Copy out the data below from the line containing "weird google searches" to the line containing "Del Frisco's Double", both lines included, with all images left out.

# Material for this exercise:
'''

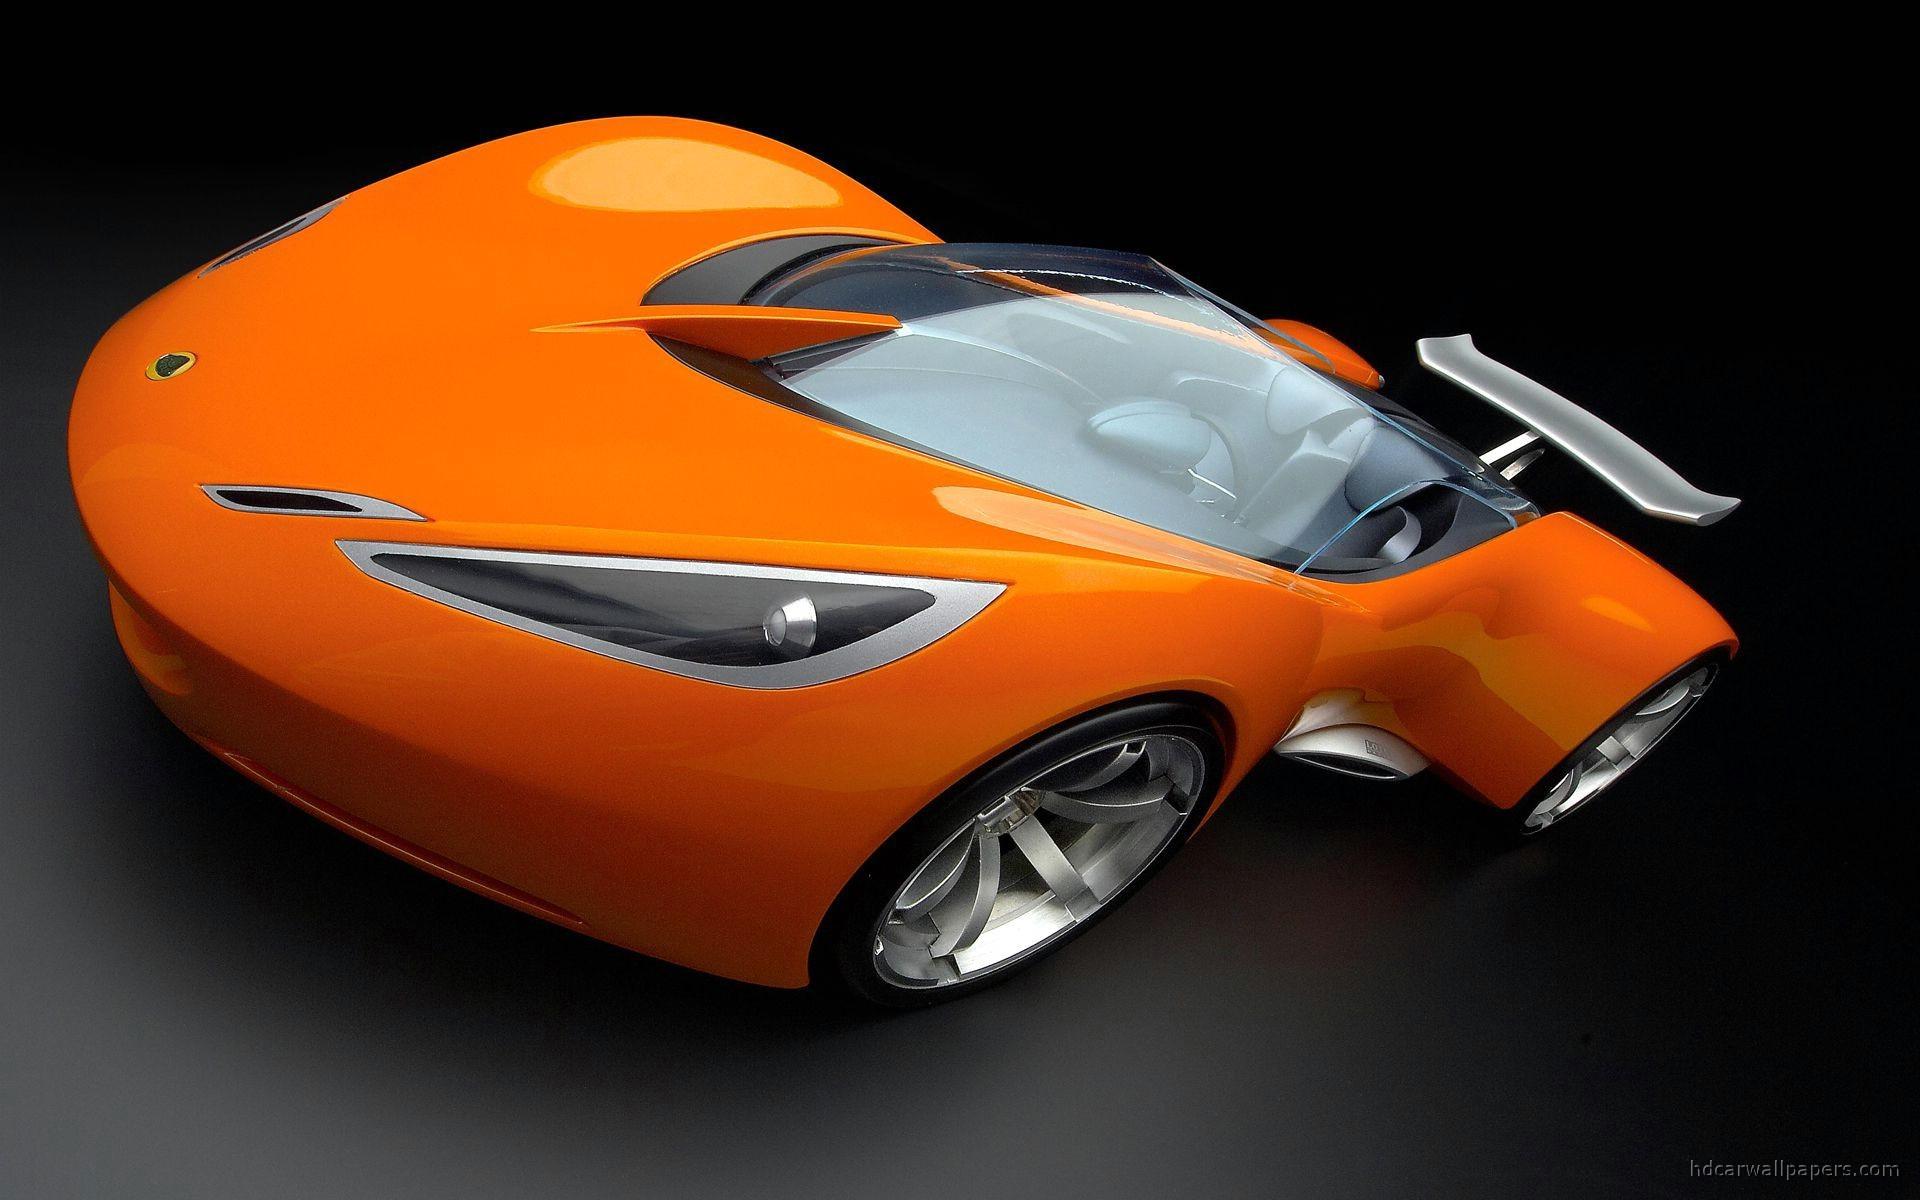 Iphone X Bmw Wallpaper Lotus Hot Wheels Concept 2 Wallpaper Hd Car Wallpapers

'''
'''

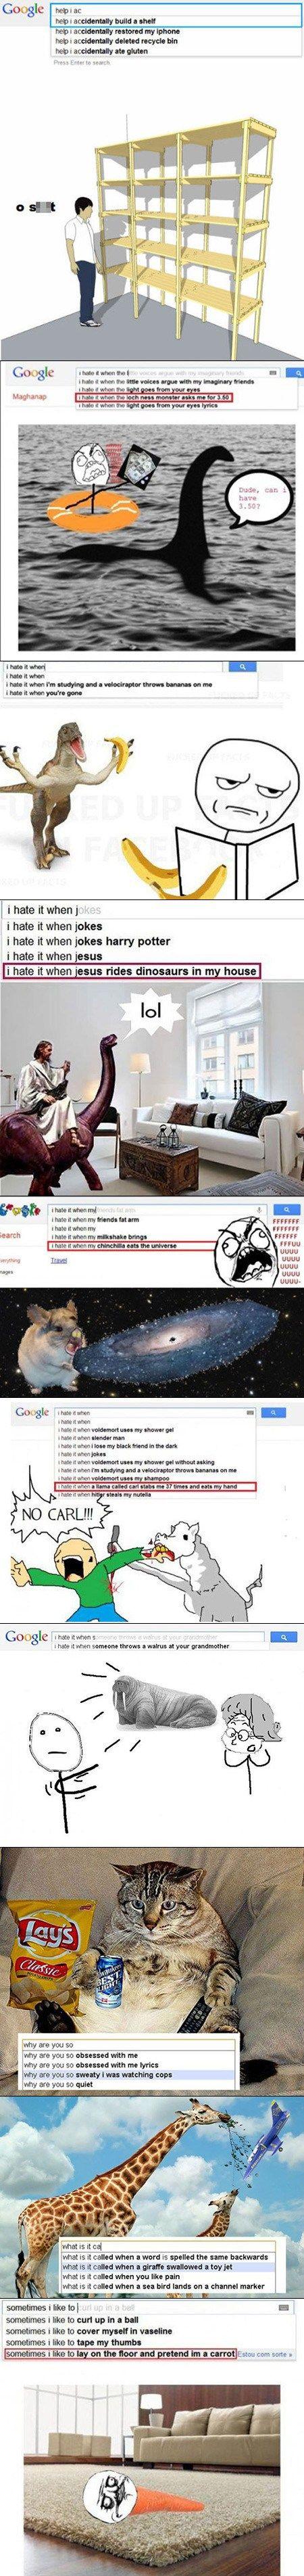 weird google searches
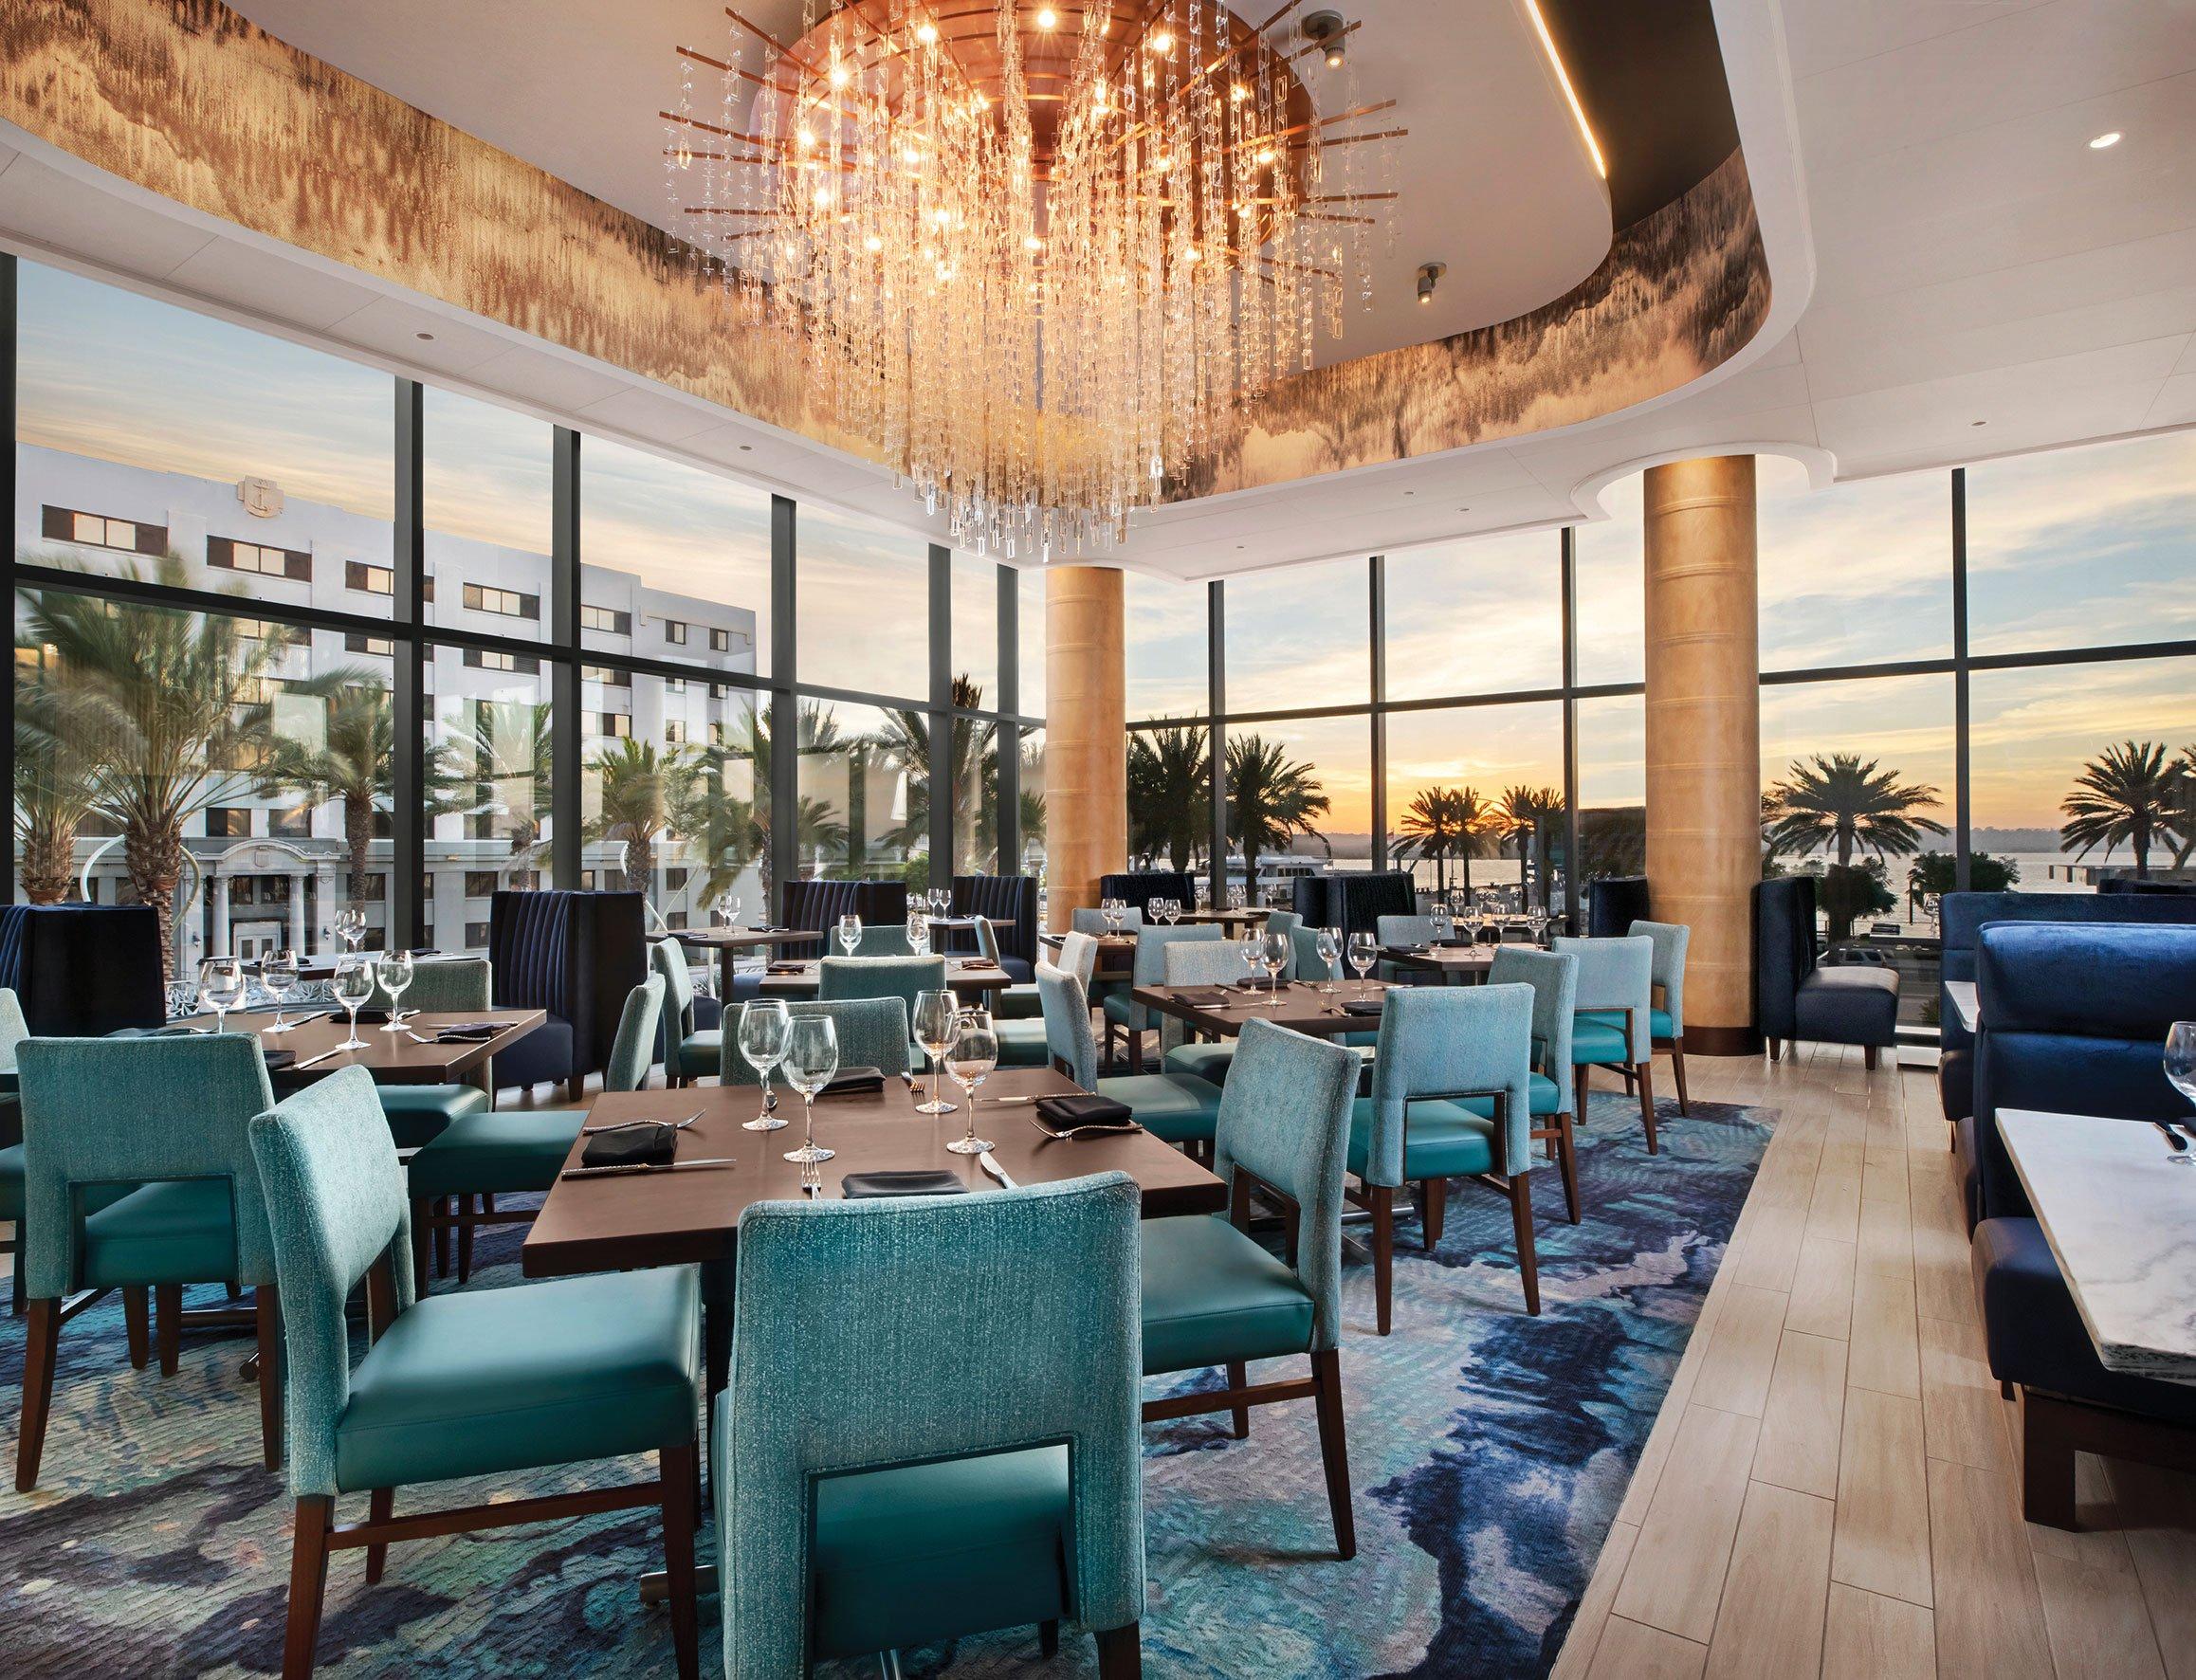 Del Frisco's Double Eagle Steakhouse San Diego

'''
'''

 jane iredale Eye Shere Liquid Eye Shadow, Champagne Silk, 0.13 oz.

'''

# Response:
 weird google searches
 Del Frisco's Double Eagle Steakhouse San Diego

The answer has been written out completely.